Repository that contains processing code used to generate the CAMELS-spat (Catchment Attributes and MEteorology for Large-Sample studies - SPATially distributed) data set.
For a description of the data set, processing steps and other hopefully helpful information, see here: https://egusphere.copernicus.org/preprints/2025/egusphere-2025-893/
To access the data, see here (and check the README on the data repository for download help, particularly about the sizes of various data set components and how to include/exclude these from downloads): https://dx.doi.org/10.20383/103.01216
If you are looking to use the CAMELS-SPAT data and want to know about potential pitfalls, please see the list of currently known issues here: #42
If you are here to report a potential issue please create a new, separate post here: https://github.com/CH-Earth/camels_spat/issues
If you are here to ask a question about data set usage, please go to the Q&A section: https://github.com/CH-Earth/camels_spat/discussions/categories/q-a
This repository contains the following sub-folders:
- 0_config - contains a configuration file with all high-level decisions. Prevents needing to hard-code paths in the remainder of the code and this in turns leads to more efficient reproducibility.
- 1_Python_setup - contains: compiled
fiona
andgdal
libraries for Windows 64-bit, Python package requirements and code to configure a Python virtual environment. - 2_reference_shapefiles - contains code to obtain and process reference shapefiles for the CAMELS-spat basins, obtained from the CAMELS-US data set and Water Survey of Canada data sets.

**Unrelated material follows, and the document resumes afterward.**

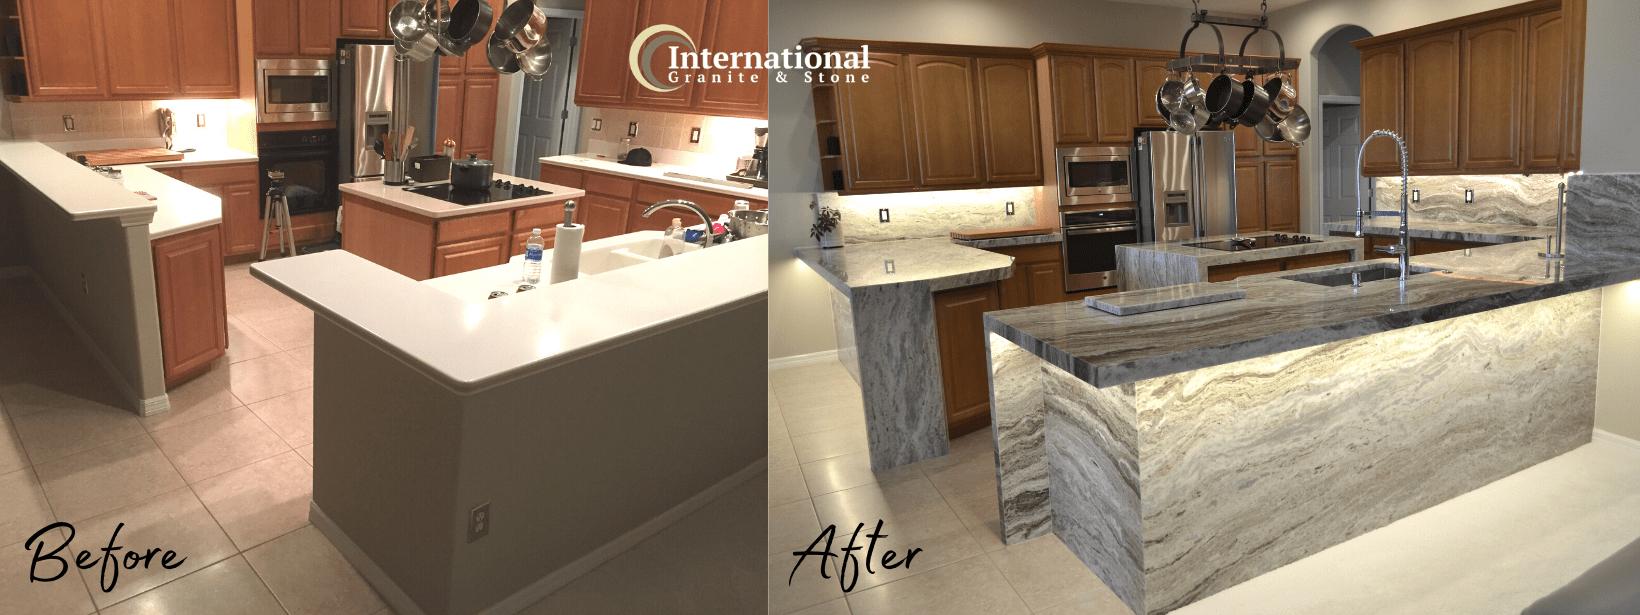 Before and After Brown Fantasy Granite Quartzite Kitchen Countertops Full Height Backsplash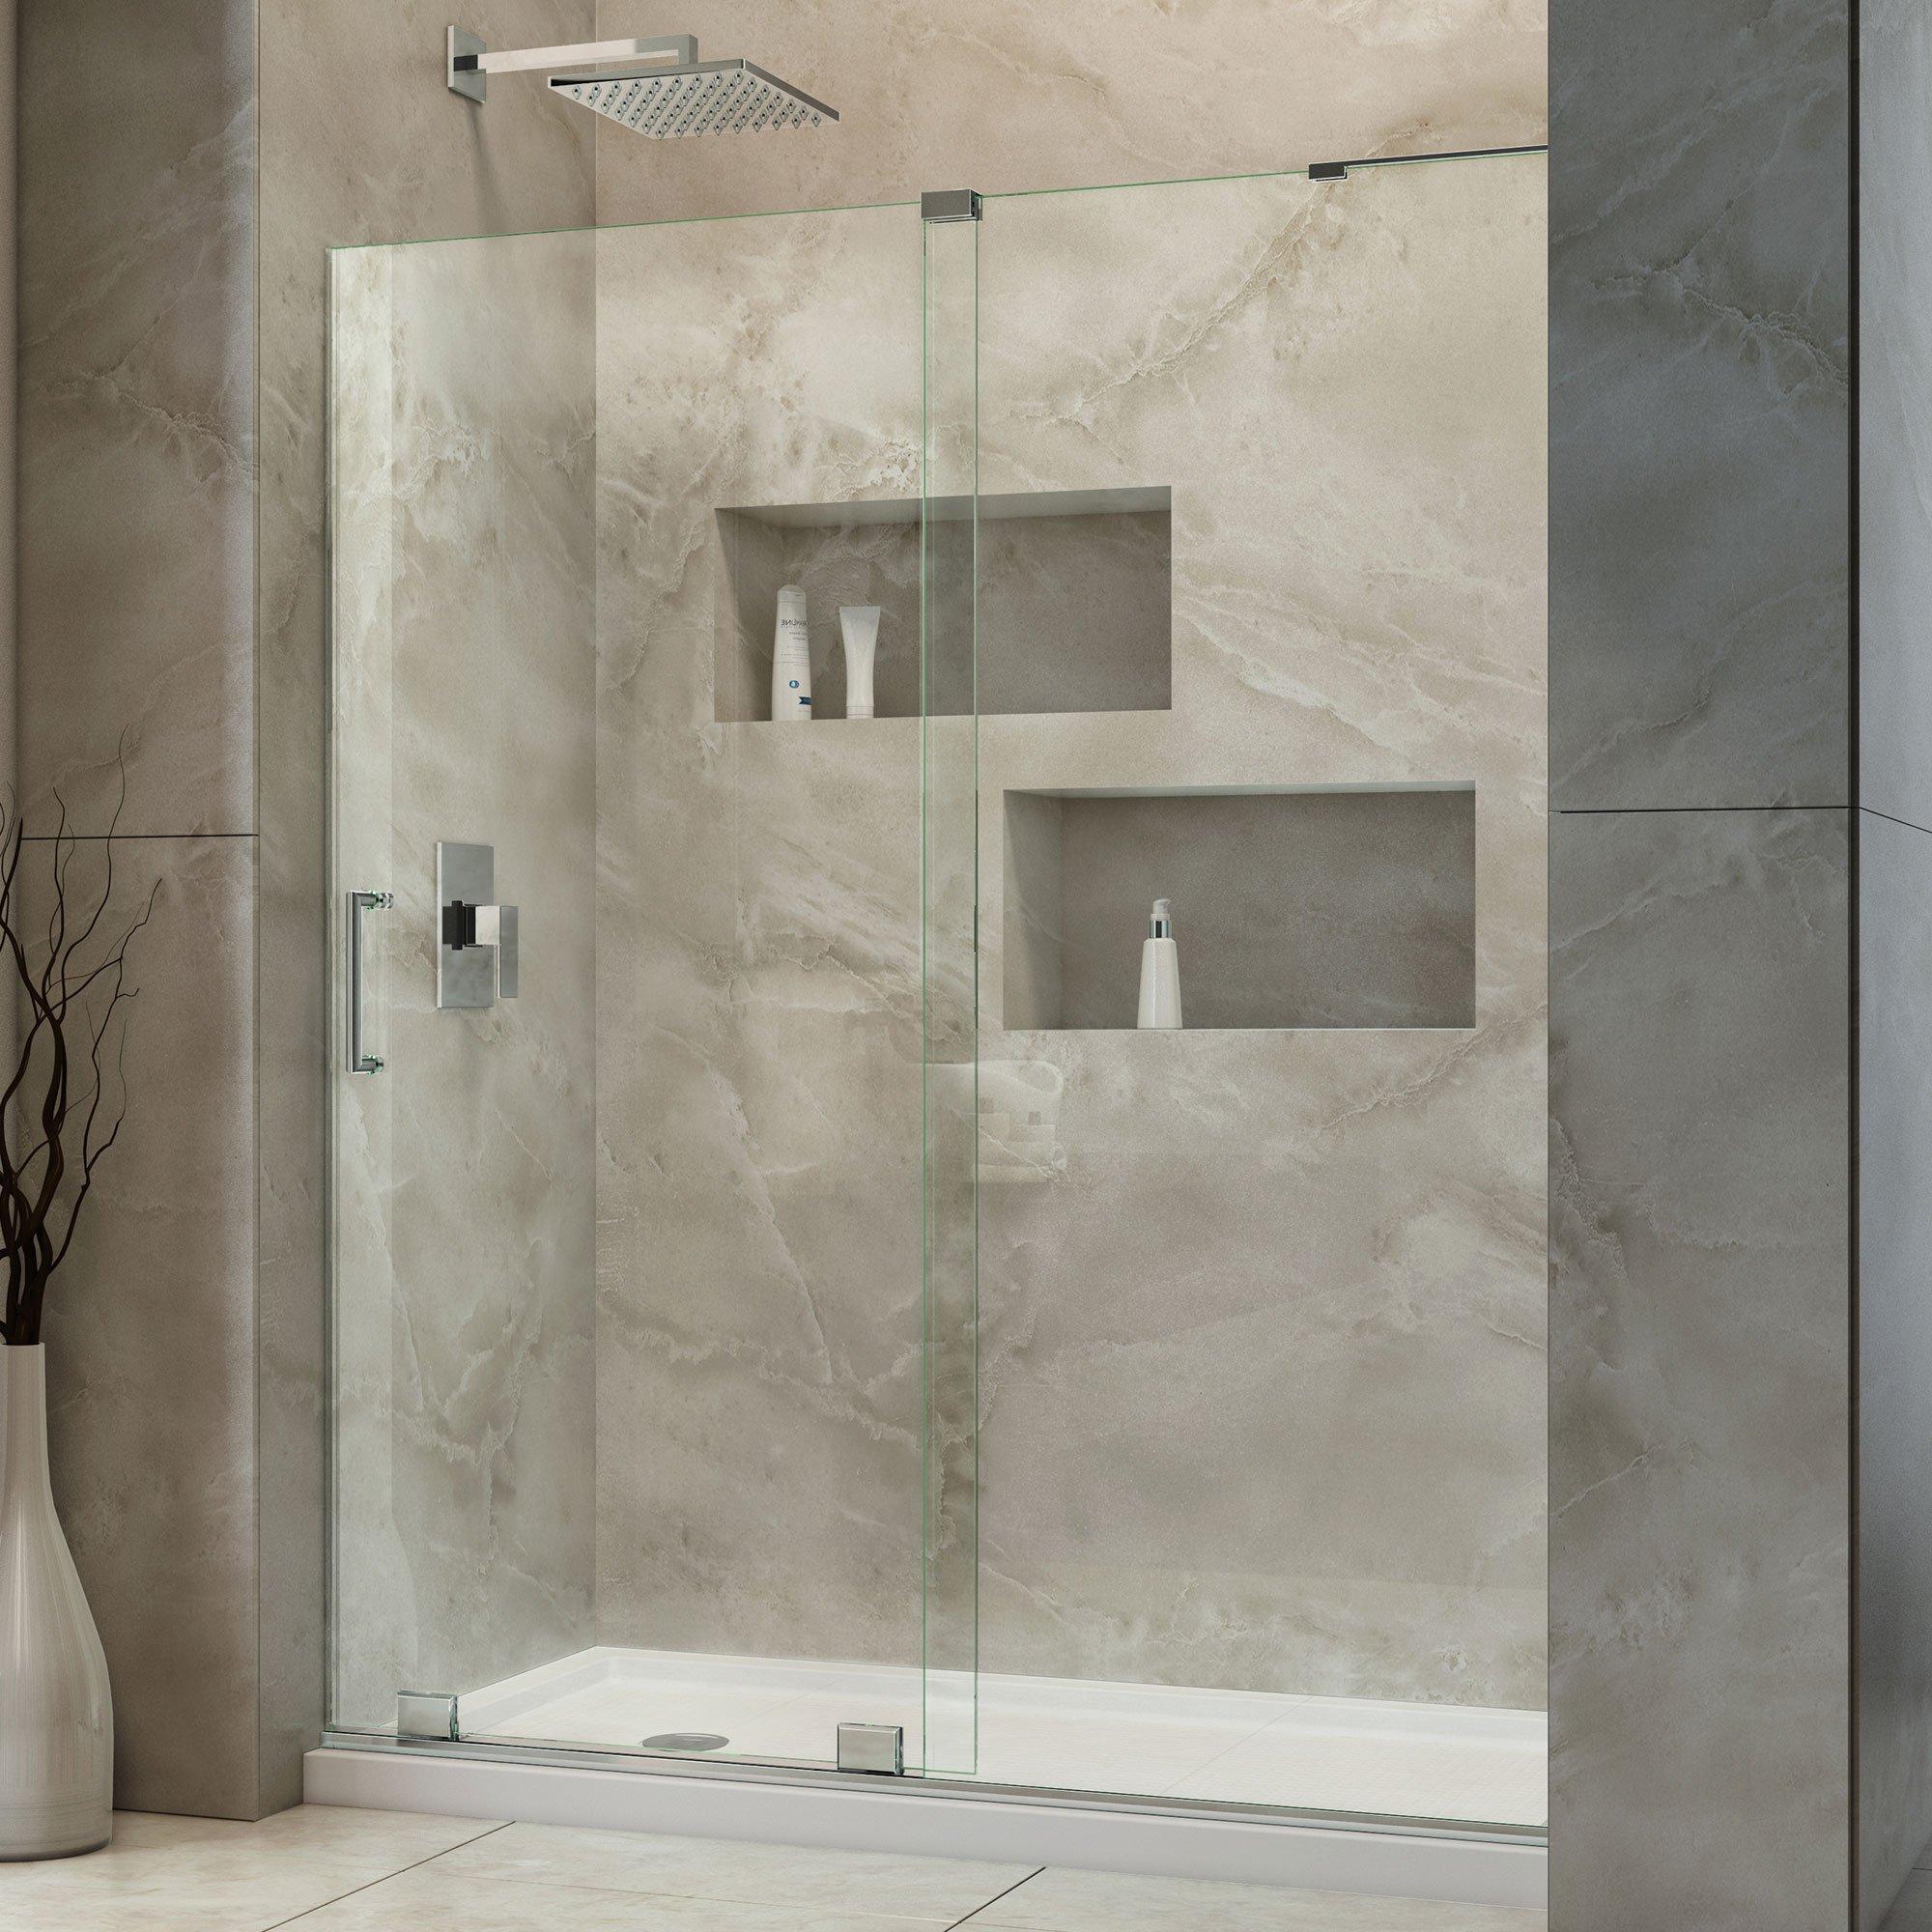 DreamLine Mirage-X 56-60 in. Width, Frameless Sliding Shower Door, 3/8'' Glass, Brushed Nickel Finish by DreamLine (Image #9)

- 3_merit_hydro - contains code to obtain MERIT Hydro flow accumulation and flow direction grids, and MERIT Hydro-derived shapefiles.
- 4_data_structure_prep - contains code to generate a meta data file and prepare the necessary folder structures (makes folders and copies reference shapes if available).
- 5_basin_delineation - contains code to subset downloaded MERIT Hydro-derived shapefiles to the basins of interest, and ensure that the shapefile extent aligns with the USGS and RHBN gauge locations.
- 6_flow_data - contains code to obtain and process flow data from United States Geological Survey (USGS) and Water Survey of Canada (WSC) at daily and sub-daily time resolutions.
- 7_forcing_data - contains code to obtain and process four forcing data sets: ERA5, EM-Earth, RDRS, and Daymet.
- 8_geospatial_data - contains code to obtain and process 12 geospatial data sets, covering: climate (WorldClim), topography (MERIT Hydro), land cover (GLCLU2019 land cover and forest height, MODIS land cover and LAI, LGRIP30) surface water (HydroLAKES), soil (Pelletier, SOILGRIDS), geology (GLHYMPS).
- 9_attributes - contains code to calculate basin attributes from the streamflow, forcing and geospatial data, at lumped and sub-basin resolutions.
- 10_analysis - contains code for paper plots and various checks.
- 11_updates - contains code for data set updates after initial publication.